Put on scared face (shouldn't be too hard, I would already be there).
Use scared voice.
Say whatever words you think your child might understand. For my kids, it was 'No! Cars live there! No! Cars can't see you and can hurt you really bad! No! Don't go out there!'.
Kids understand more than you think they do. They understand "I scared mom! Mom is sad & scared! Yikes! What did I do? Cars? Cars hurt bad! No Cars!"
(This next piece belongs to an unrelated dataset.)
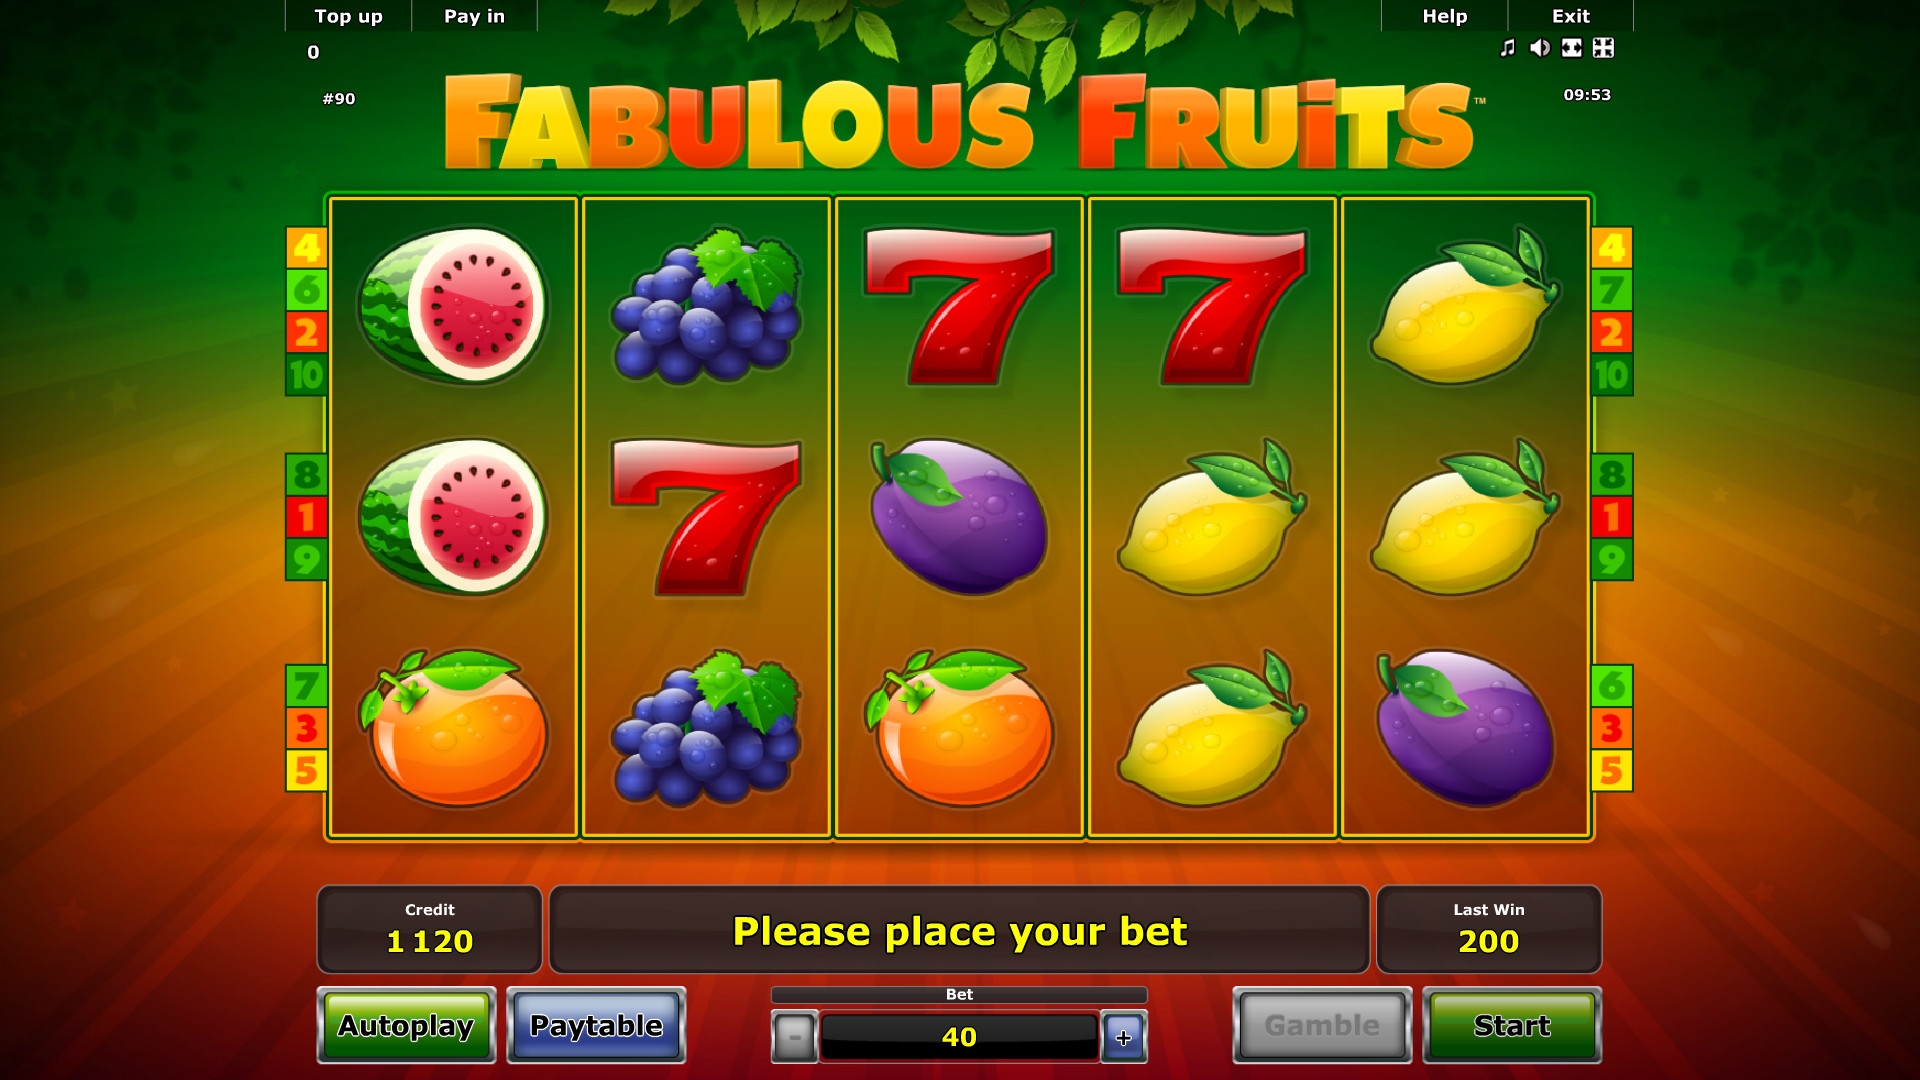 Fabulous Fruits (Fabulous Fruits) from category Slots

And, how would spanking teach this lesson any better than scared face, voice & words? In fact, how does spanking teach 'no traffic' at all? Spanking teaches 'Ouch, what was that for?'. With no connection to 'scared' and 'dangerous'. How does this child, who you claim you can't explain danger to, make the connection, then, between spanking and the danger of going into traffic? How does he know that the spanking isn't because of any number of other things that are going on around him at the time? How does he know 'traffic = spank', if he can't get 'traffic = danger', 'traffic = NO!'? Why would he be able to make one connection and not the other?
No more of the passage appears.